O conde de *** era um homem de trinta annos, typo de galhardia na libertinagem, esbelto, gentil, apesar de resequido, na face, por certa aridez da dissolução, que requeima o corpo, ao passo que o viço da alma vae fenecendo.

O açor, pairando sobre a avesinha desprevenida, apenas viu que um rapaz de quinze annos transpozera o limiar do grande mundo, abateu o vôo, aferrou-o com as garras das paixões licenciosas, e desappareceu com a presa através de uma atmosphera, onde o veneno se respirava pelo filtro do prazer. Alvaro da Silveira foi a presa.

Muitos dos mais apontados em certa sociedade libertina de Lisboa, mescla de beaterio, hypocrisia, e despejo, quando viram Alvaro da Silveira ligado ao conde de ***, disseram: «está perdido!» E quem o não diria?

O conde tinha uma instrucção mediana, que puzera ao serviço da sua immoralidade. No seu principio, quando a favor do seu nascimento, era bem recebido nos salões de Lisboa, o conde insultava graciosamente a sã religião e a piedade. Lera com pertinacia alguns d'esses livros immoraes e grosseiros aos vinte annos, para grangear um bom cabedal de motejos contra a religião, e emancipar-se com elles de uma leitura a que sacrificava as longas horas da noite, como um sobrinho que se violenta, em noite de orgia, a ficar em casa com o velho tio, porque é esse o preço de uma herança, que deve, á farta, indemnisa'-lo depois.

Aos vinte e cinco annos sabia tudo quanto era preciso para insultar a Deus em nome de uma sciencia impia. Apostolo infatigavel da immoralidade, não respeitava sexo, nem edade, quando vibrava a ironia, pungente como uma frecha de fogo, ao seio da moral christã. A donzellas, a mães, a creanças, a velhas, a religiosas, e a devassas falava sempre no mesmo estylo. Se acontecia ser mal recebido, assumia uma auctoridade pedagogica, dava-se um ar de respeito, e justificava o que dissera em tom de mofa discursando contra o christianismo que elle dizia sepultado para sempre no tumulo que lhe abrira a sciencia.
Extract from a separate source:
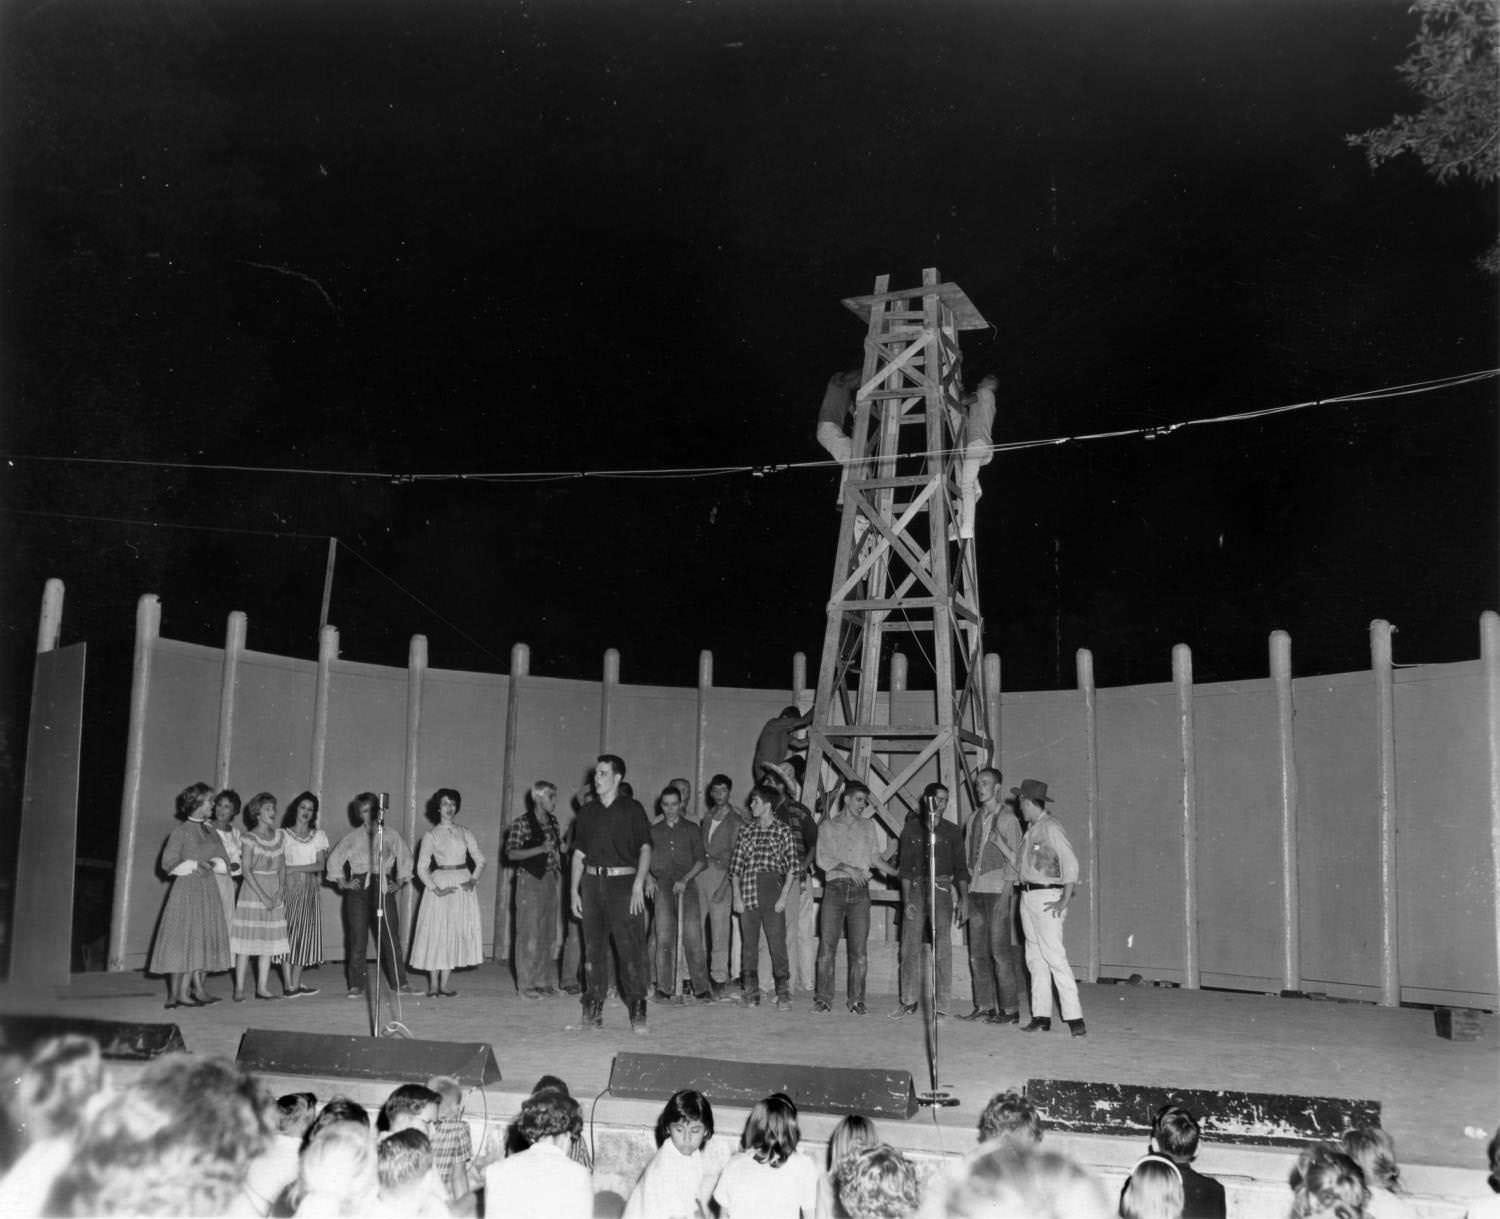 Wildcat performed on stage at Zilker Hillside Theater, 1962

Alvaro da Silveira descreu espontaneamente. Não deu trabalho ao companheiro, nem quiz profundar uma questão que lhe não importava. A negação formal era a ultima palavra da impiedade constituida em sciencia. A Alvaro bastava-lhe saber essa ultima palavra.

Todavia, a assiduidade da companhia, e o habito de escutar o seu amigo em polemicas, animadas pela fé de uma parte, e da outra pelo orgulho, deixaram-lhe uma tintura scientifica de atheismo.

Alvaro não recebera de seus paes educação religiosa. Esta falta desmentia a classe d'onde viera. A jerarchia dos brazões em Portugal, com quanto viciosa, parece gloriar-se com o seu privilegio de fé, e de virtudes christãs... extra-muros. A educação ahi é mais religiosa que scientifica: é mais para Deus que para o mundo. Não é milagre encontrar cá fóra o representante de oito seculos de heroes virtuosos e bravos, enxovalhando-se na lama das covardias e das torpezas: mas raro encontrareis no colo materno, uma creança de sangue illustre, como lá se diz, cuja primeira palavra articulada não seja DEUS.

Alvaro da Silveira era uma excepção; o instrumento—quem sabe?—de um acto providencial.